MDT Switching Event and Its Functional Impact
Detection of Most Dominant Transcript Switches and Their Functional Impact
Tülay Karakulak
2024-08-11
Source:vignettes/MDTToolset_switching-vignette.Rmd
MDTToolset_switching-vignette.Rmd
Load MDTToolset
Prepare Input File
The following files are given together with the MDTToolset. If you would like to see how they are prepared, please see tutorial: Introduction to Most Dominant Transcripts.
cond1_mdts <- MDTToolset::cond1_mdts
cond2_mdts <- MDTToolset::cond2_mdts
cond1_ENST_ENSG_nonredundant <- MDTToolset::cond1_ENST_ENSG_nonredundant
cond2_ENST_ENSG_nonredundant <- MDTToolset::cond2_ENST_ENSG_nonredundant
# read MANE Select
ensg_enst_ensp_mane_v104 <- MDTToolset::ensg_enst_ensp_mane_v104
# prepare sequences and Mane select transcripts dataframe
ensg_enst_seq <- prepare_Seq(MDTToolset::Homo_sapiens.GRCh38.cdna.all, ensg_enst_ensp_mane_v104)
## Select transcripts having MANE ids
enst_mane_iso <- ensg_enst_ensp_mane_v104[!(is.na(ensg_enst_ensp_mane_v104$RefSeq.match.transcript..MANE.Select.) | ensg_enst_ensp_mane_v104$RefSeq.match.transcript..MANE.Select. == ''),c(1,2,3,4)]
# Select the only ENSTs having ENSP Protein IDs.
ensp_only <- ensg_enst_ensp_mane_v104[!ensg_enst_ensp_mane_v104$Protein.stable.ID == "",]

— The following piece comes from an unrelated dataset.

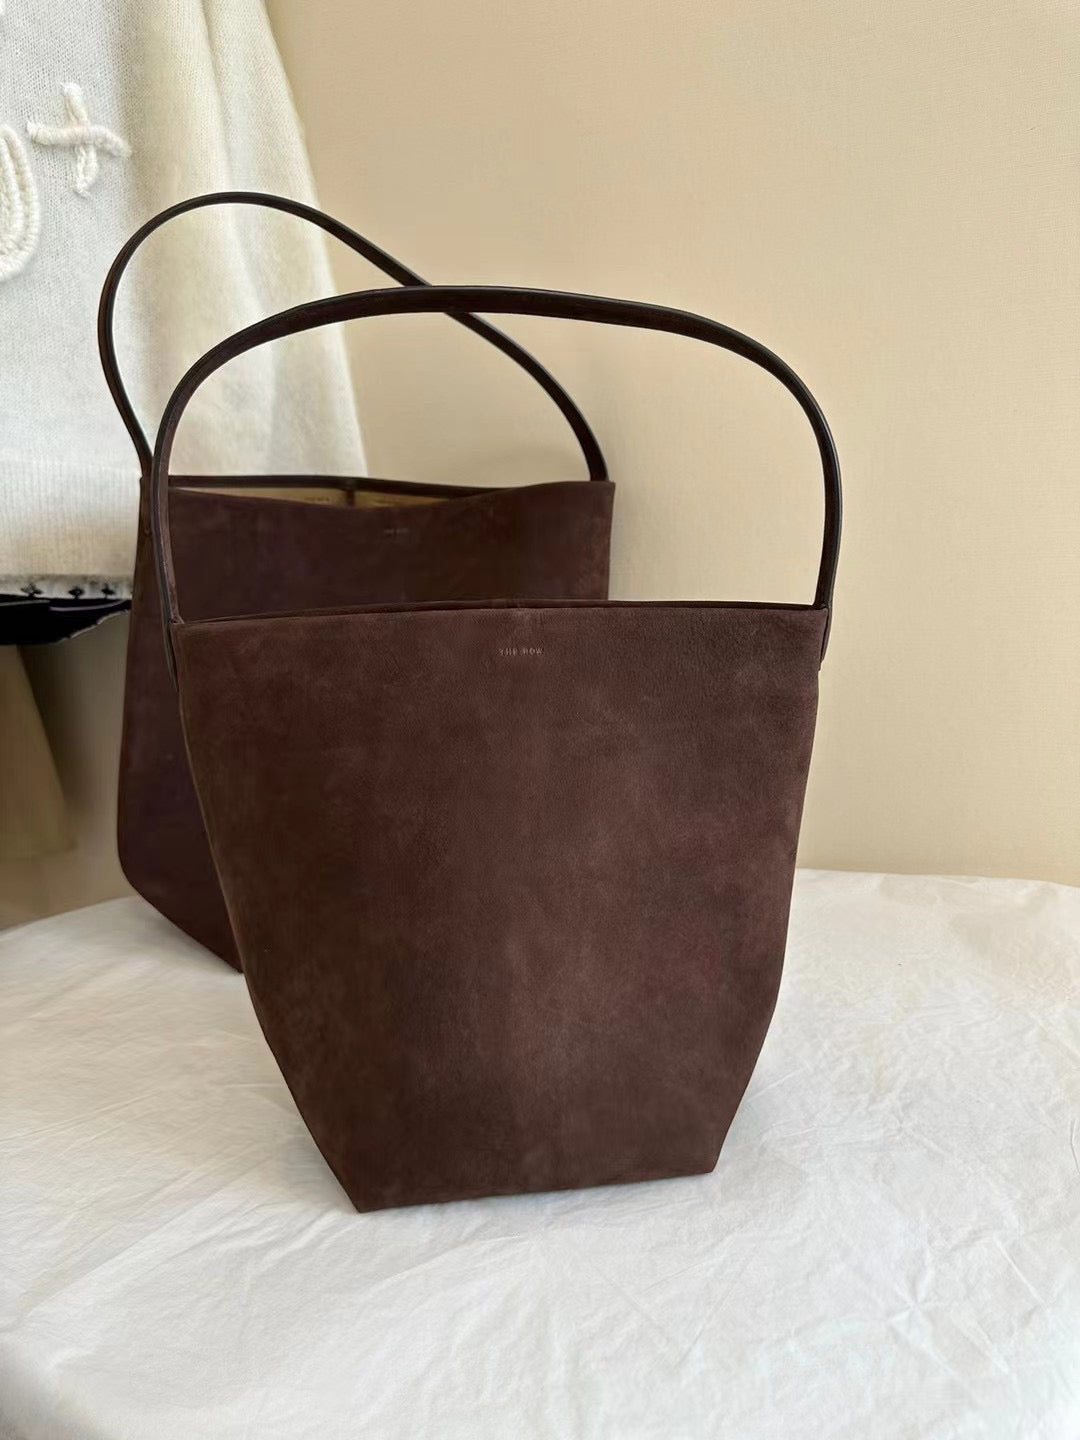 TR N/S Tote Bag Suede - Tundra, Wood

Calculate MDT Switching Events in the Data
The switch_calculator()
function identifies MDT
switching events in each sample by comparing it to a “Normal” cohort or
another specified cohort, thereby defining dMDT (disease-specific MDTs).
It considers the following criteria:
- cutoff: The percentage of samples in the comparison group (cond2 in our case) that may have the same MDT as the Normal cohort. A cutoff of 0 is very stringent and ensures that the dMDT is not observed in any of the samples from cond2.

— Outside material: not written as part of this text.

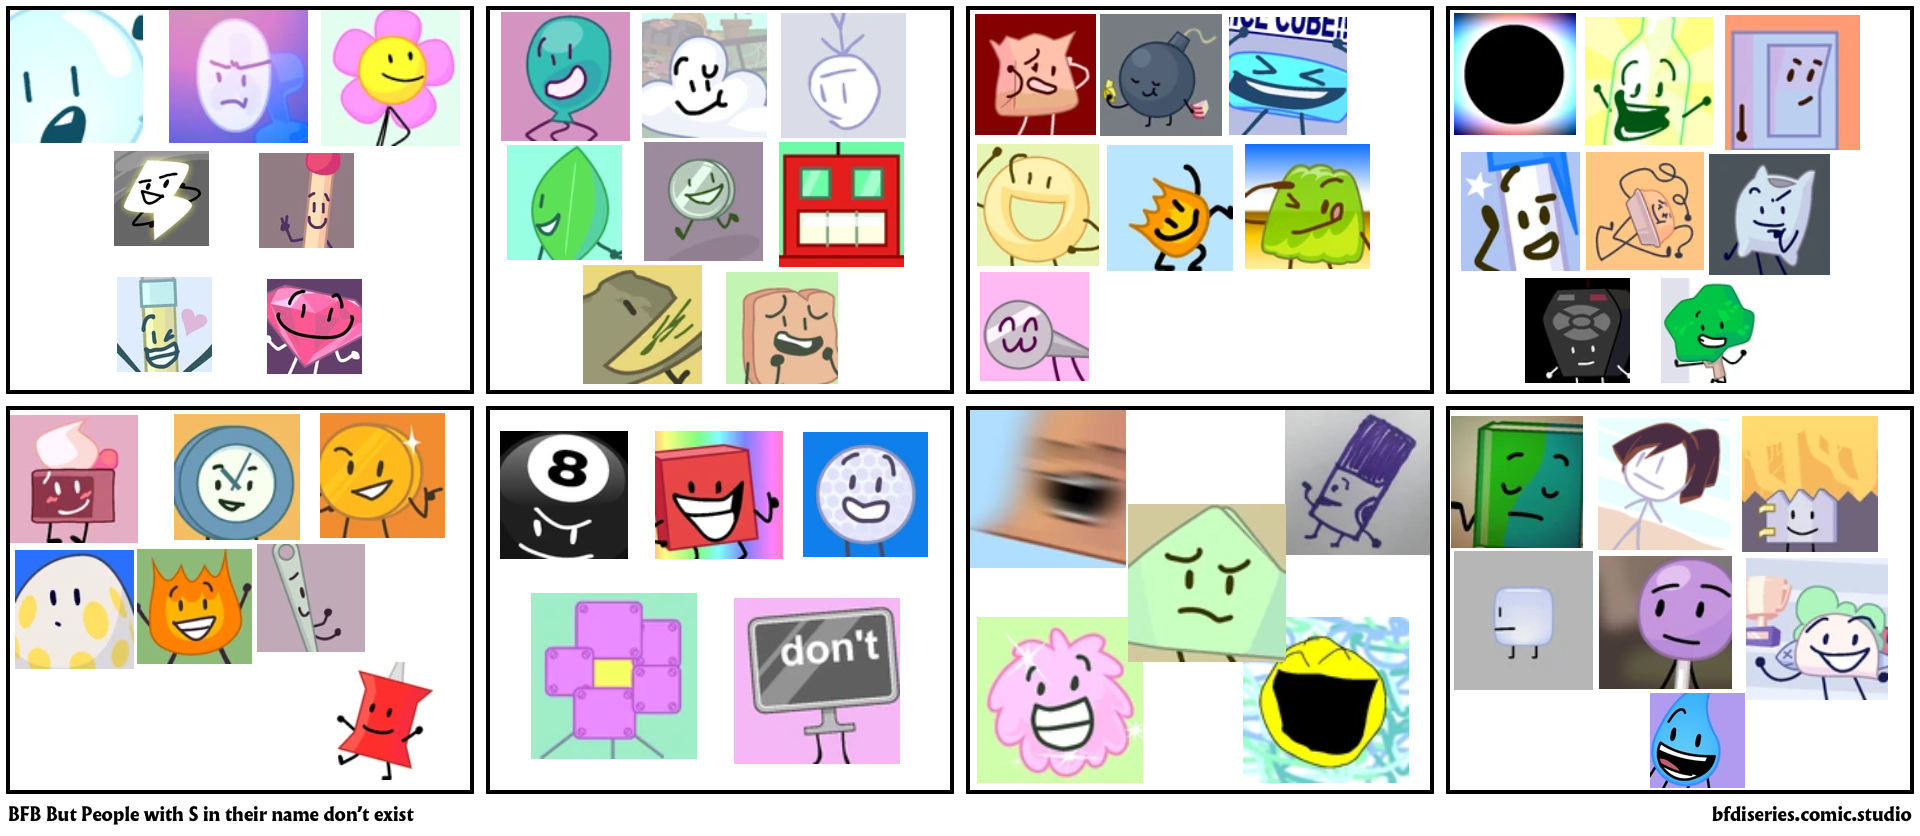 BFB But People with S in their name don’t exist

- cutoff_rate: The enrichment rate between Transcript 1 and Transcript 2 in the cond1_mdts and cond2_mdts datasets.
- cutoff_other_MDTs: The percentage of cond2 samples having another MDT for the same gene.

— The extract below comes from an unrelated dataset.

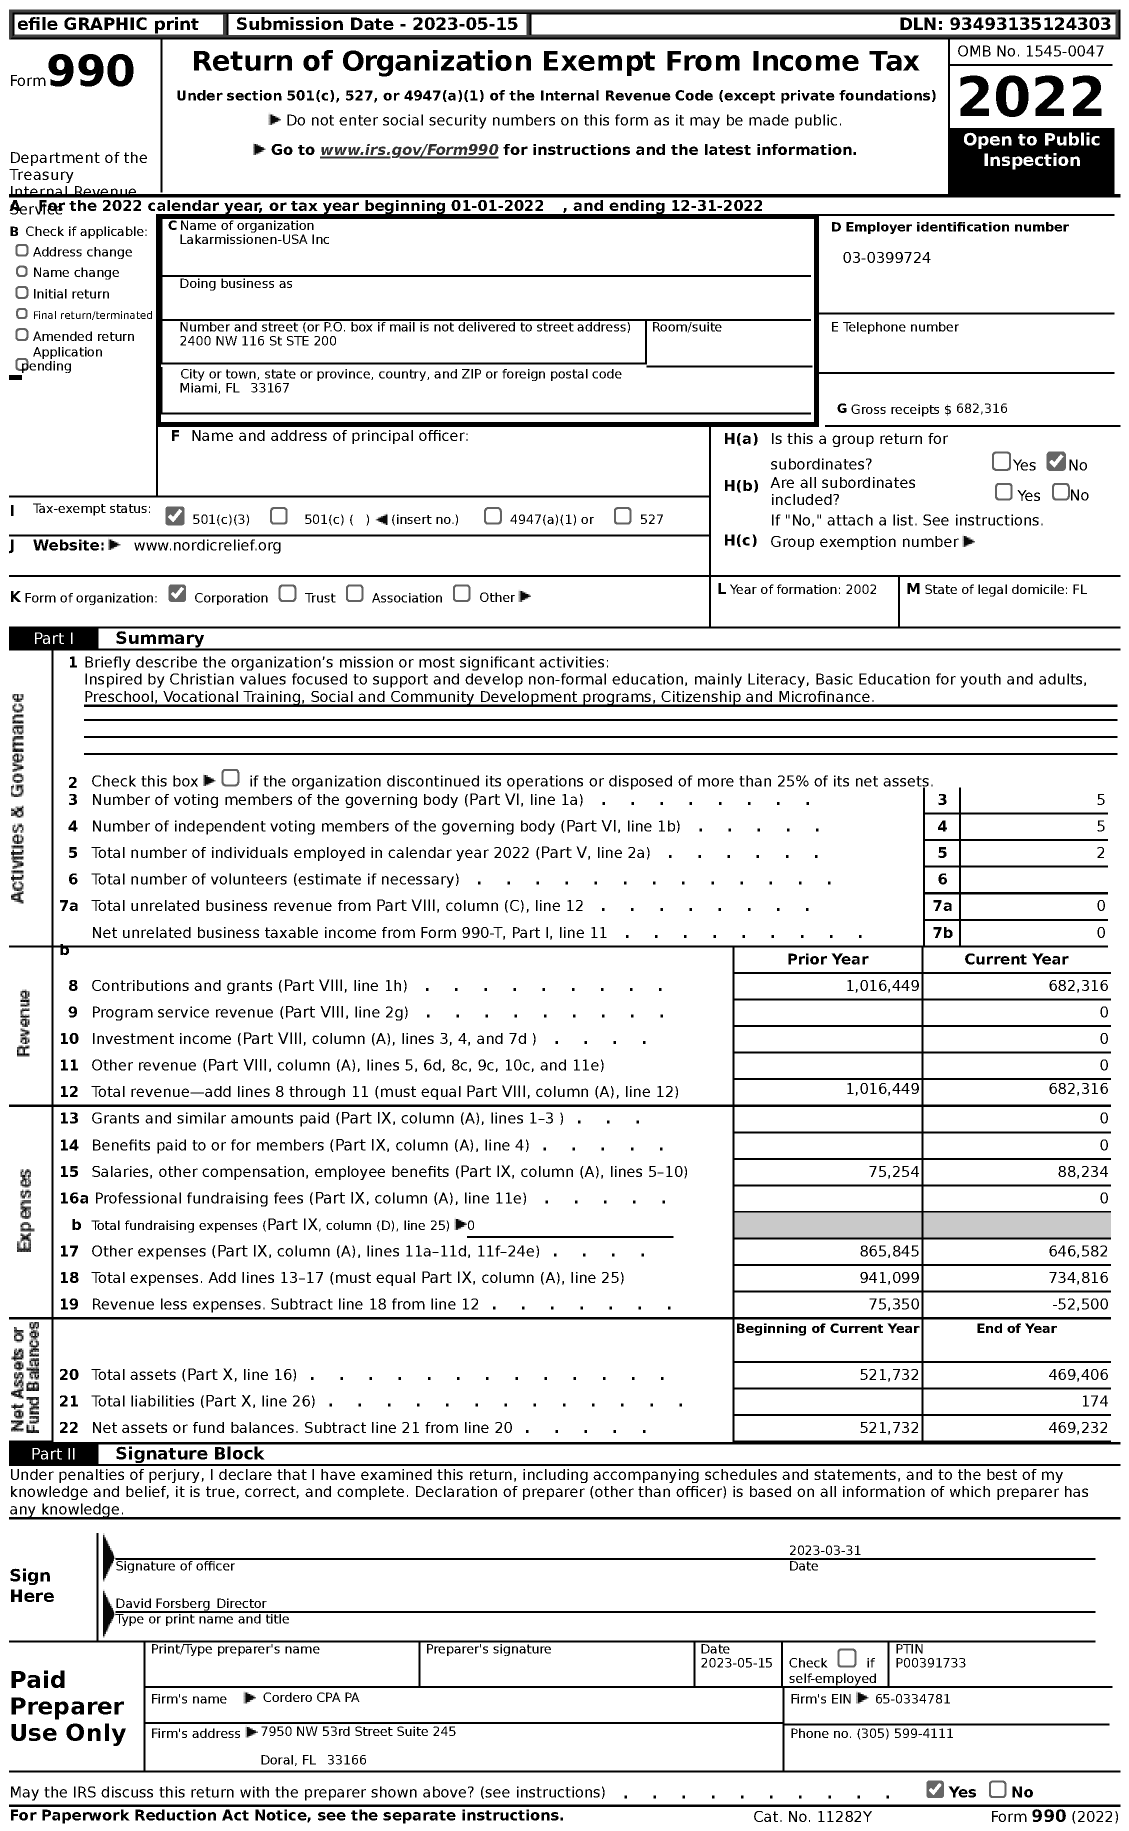 Image of first page of 2022 Form 990 for Lakarmissionen USA

# Calculate switches in condition 1 compared to condition 2
Cond1_Cond2_Switches <- switch_calculator(cancer_ori = cond1_mdts, gtex_ori = cond2_mdts, exp_values_pcawg = cond1_ENST_ENSG_nonredundant, exp_values_gtex = cond2_ENST_ENSG_nonredundant, ensp_sequences = ensg_enst_seq, ensp_only = ensp_only, cutoff = 0, cutoff_rate = 2, cutoff_other_MDTs = 50)
# visalize the results. Note that you should have knitr R package installed.
knitr::kable(head(Cond1_Cond2_Switches,5), caption = 'MDT Switching Events')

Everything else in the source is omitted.